Великое посольство - [17]

Шрифт
Интервал

— Ой, Семен, немочь-то, кажись, по людям пошла! — в тревоге шепнул толмач Свиридов великому послу. — Вон того, с краю, будто ветром шатает… И Фоку-причетника… И Егорку-стрельца… И Ивашку… Господи боже ты мой!

— Не вижу, что ль… — сквозь зубы сказал дьяк.

— Дай отдых, того гляди, повалятся… Беда-то какая!

— Нельзя, проволока. Авось стерпят.

— Да где ж стерпеть, ведь смертная немочь…

— Молчи, Афанасий! И я смертен, не ровен час, свалит меня недуг, кто тогда шаху Аббасу государское тайное слово молвит?



Михмандр ехал по левую руку великого посла, охваченный страхом. Смерть подбиралась то к одному, то к другому из посольских людей. А к тому еще царский посол воротит от него лицо, будто от виноватого, и не дарит его ни единым словом. Быть беде, гневен и короток на расправу шах Аббас! А хану гилянскому что: выдаст его на смертную муку, а то и сам, в угоду шахиншаху, заживо сдерет с него, михмандра, шкуру…

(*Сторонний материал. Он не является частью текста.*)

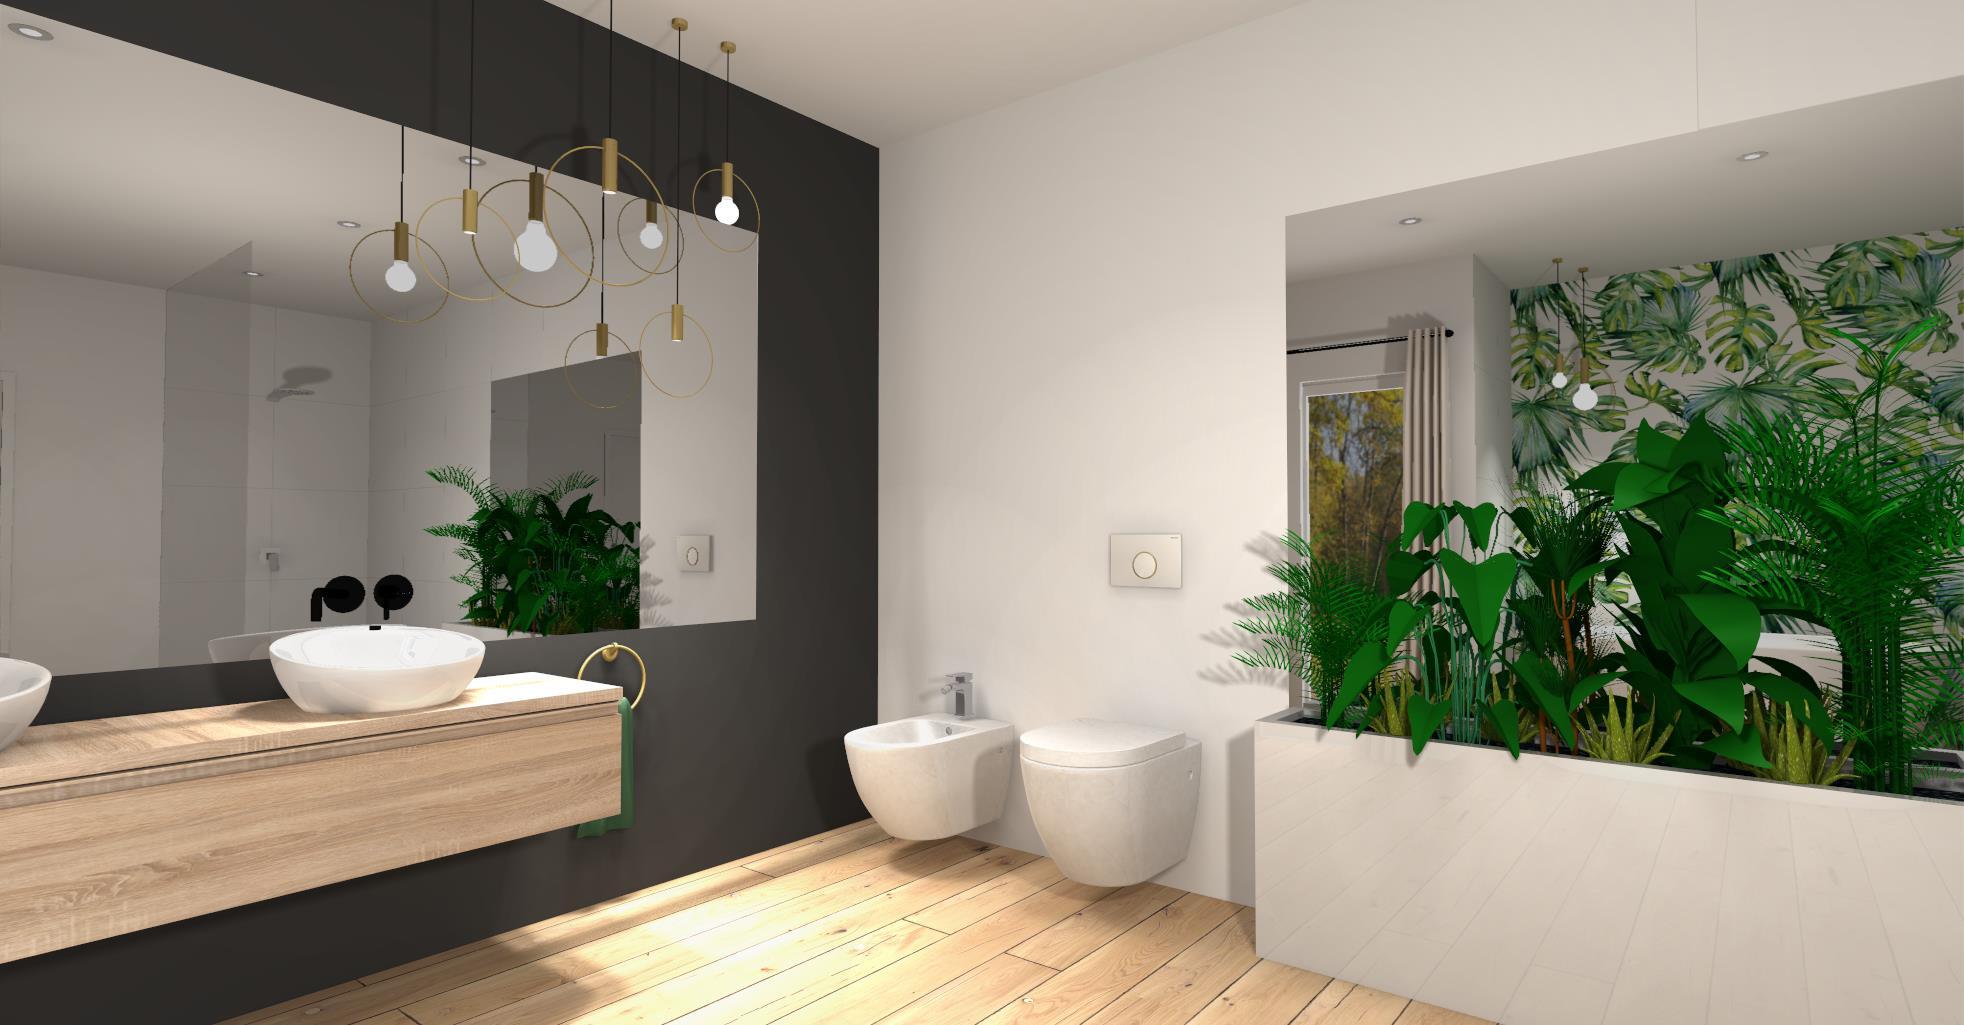 łazienka_3_10_2021

— Держись, Фока! — зычно крикнул поп Никифор и, перегнувшись в седле, ухватил за пояс недужливого своего причетника.

Удержался Фока, подхваченный сильной поповой рукой, охнул, выпрямился. А уж круто качнуло причетника Павла. Не удержался Павел, рухнул с седла, грохнулся оземь, но с маху стал, будто вкопанный в землю, его конь.

Великий посол подал знак, и поезд остановился как раз против персидского селения, вытянувшегося вдоль дороги. Сойдя с коня и оглядев всех людей своих, великий посол насчитал без малого четыре десятка больных, пятерых мертвыми сняли с седел, шестой, причетник Павел, лежал на дороге.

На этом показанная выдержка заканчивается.